C. S. Lewis would call this flash
of clarity, this morning of enjoyment an "appreciative pleasure." It
is different from what he calls a "need-pleasure." A need-pleasure is
eating lunch when one is hungry, whereas an appreciative pleasure is being
hungry and finding that lunch consists of all your favourite foods. It's like
icing on the cake. Launching from this idea, Mr. Lewis deepens the idea into
need love and appreciative love. He carries these functions of love into the
four types of love: Affection, Friendship, Eros, and Charity.

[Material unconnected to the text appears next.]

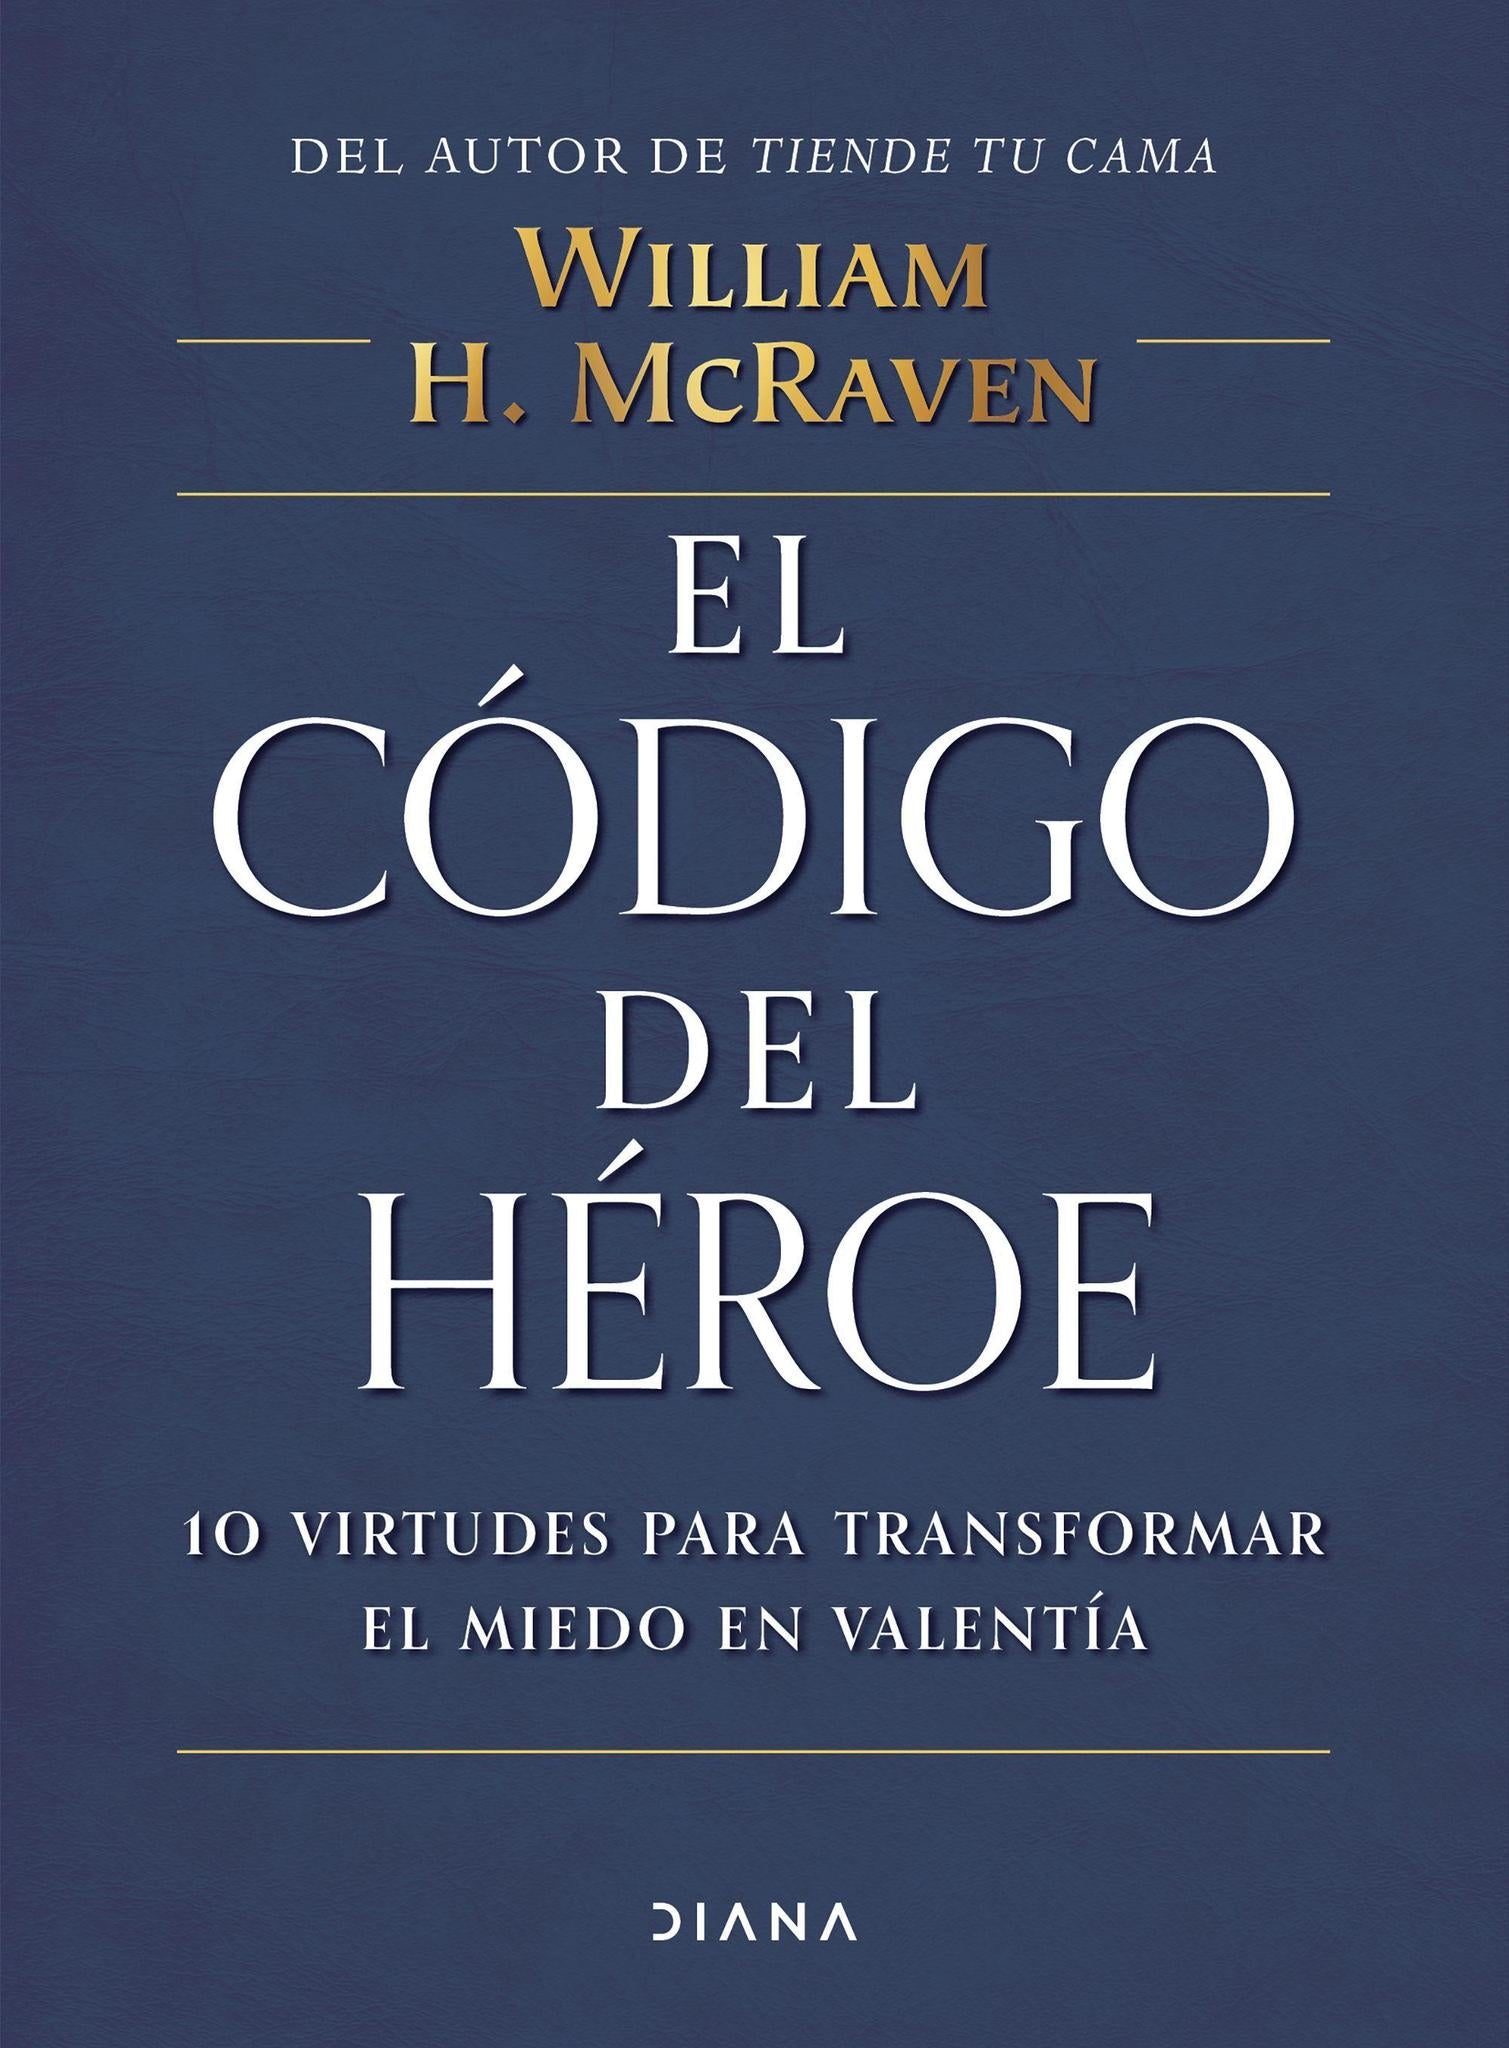 El Codigo del Heroe - William H. McRaven
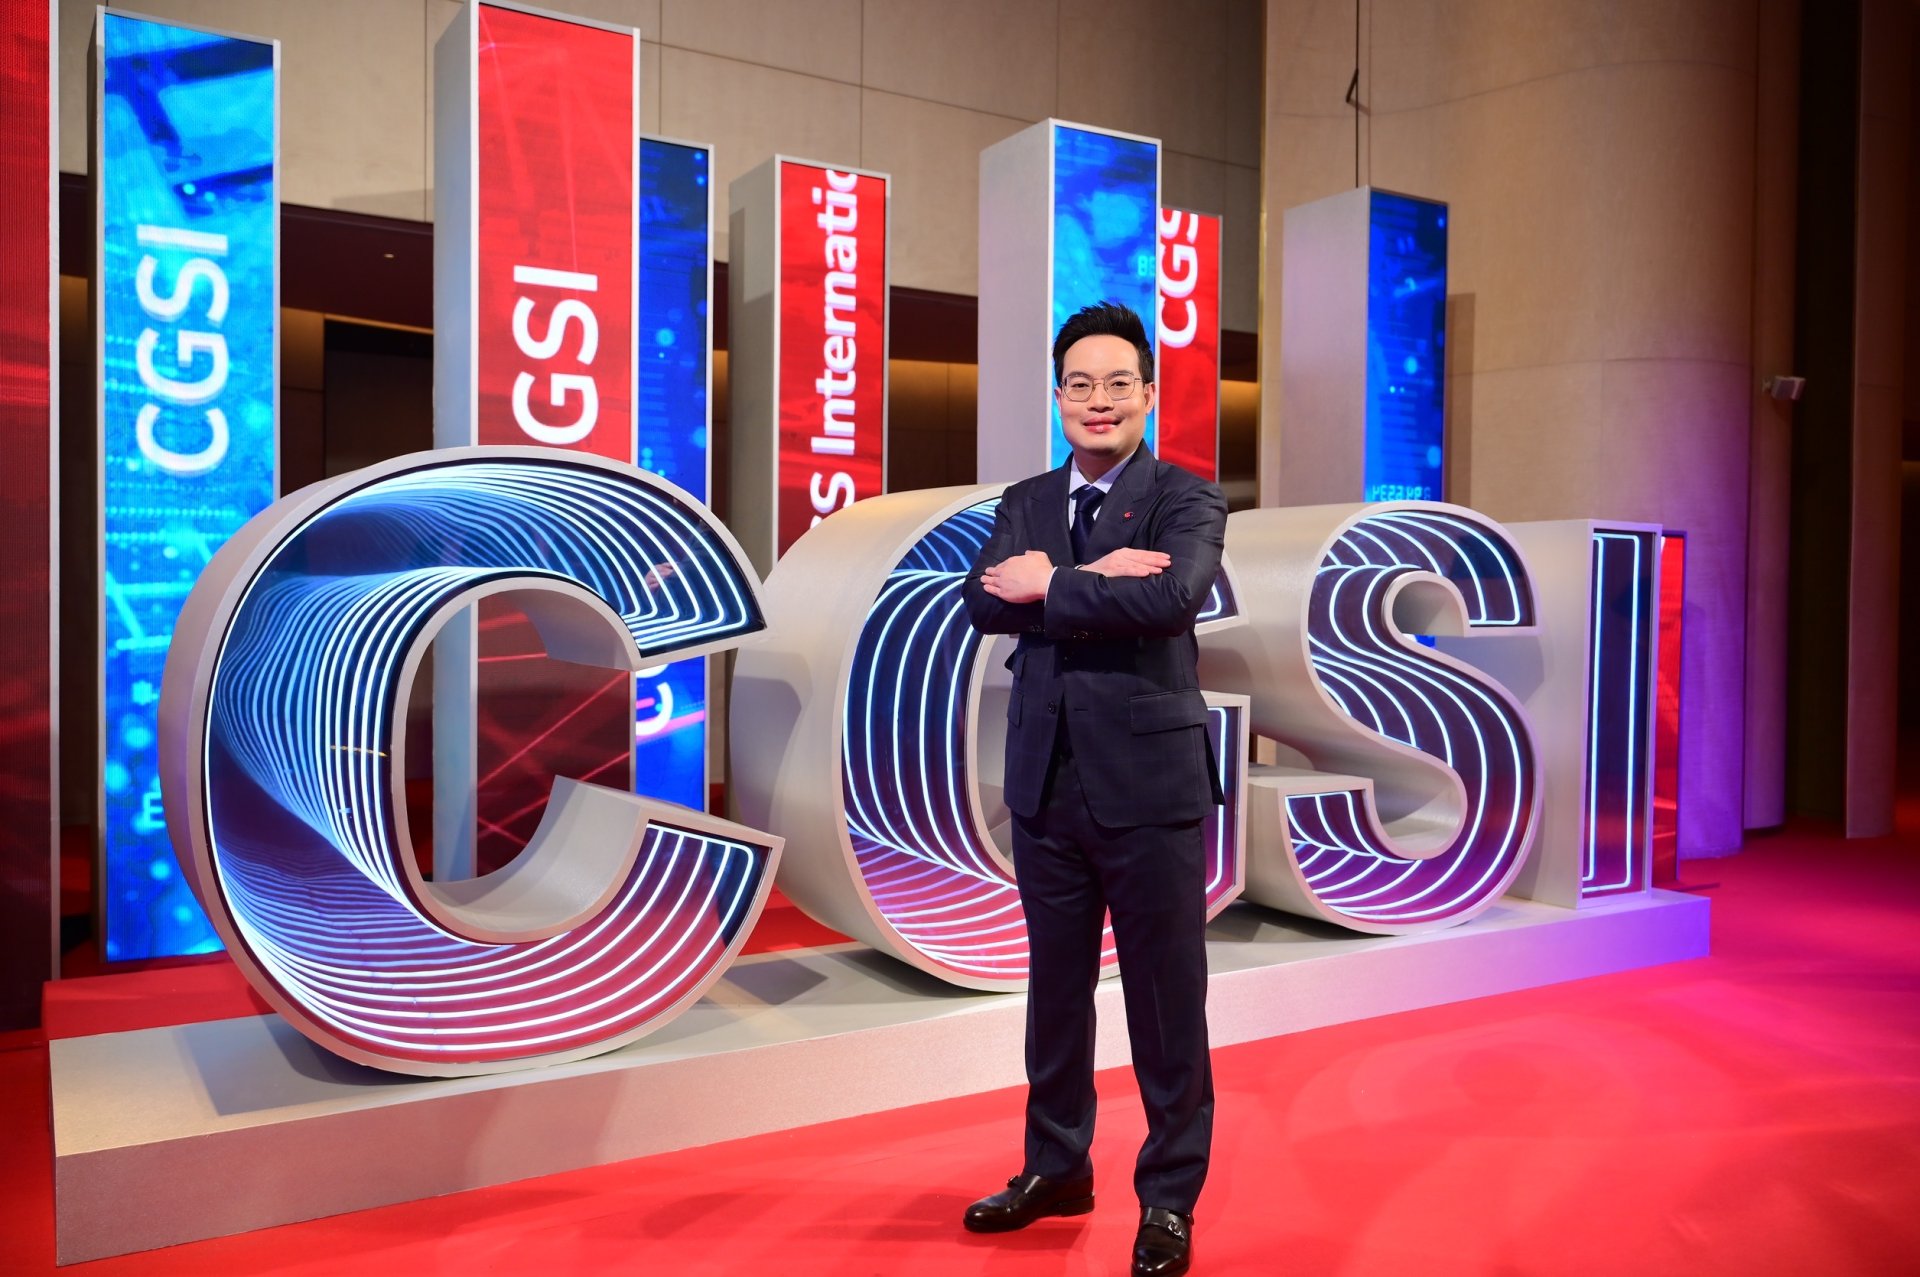 การจัด Brand Launch ของ CGSI เพื่อเชื่อมโยงความร่วมมือระหว่างจีนกับอาเซียน ประสบความสำเร็จอย่างงดงาม

I gathered much from each chapter
about the character of man, myself in particular. It wasn't always pretty, but
it was extremely helpful. I won't share something from every chapter (of which
there are only six); I would not spoil the book for you. However, I will share
a few thoughts from the chapter discussing friendship, as Lewis brought out a
nobility in true friendship that is rarely mentioned, or even seen, anymore.
"To the Ancients, Friendship
seemed the happiest and most fully human of all loves; the crown of life and
the school of virtue. The modern world, in comparison, ignores it. [For
example, which story is more well known: Romeo and Juliet, or that of David and
Jonathan?] … Few value [friendship] because few experience it. And the
possibility of going through life without the experience is rooted in that fact
which separates Friendship so sharply from…the other loves. Friendship is – in
a sense not at all derogatory to it – the least natural of loves; the
least instinctive, organic, biological, gregarious and necessary." Lewis concludes that friendship is a choice.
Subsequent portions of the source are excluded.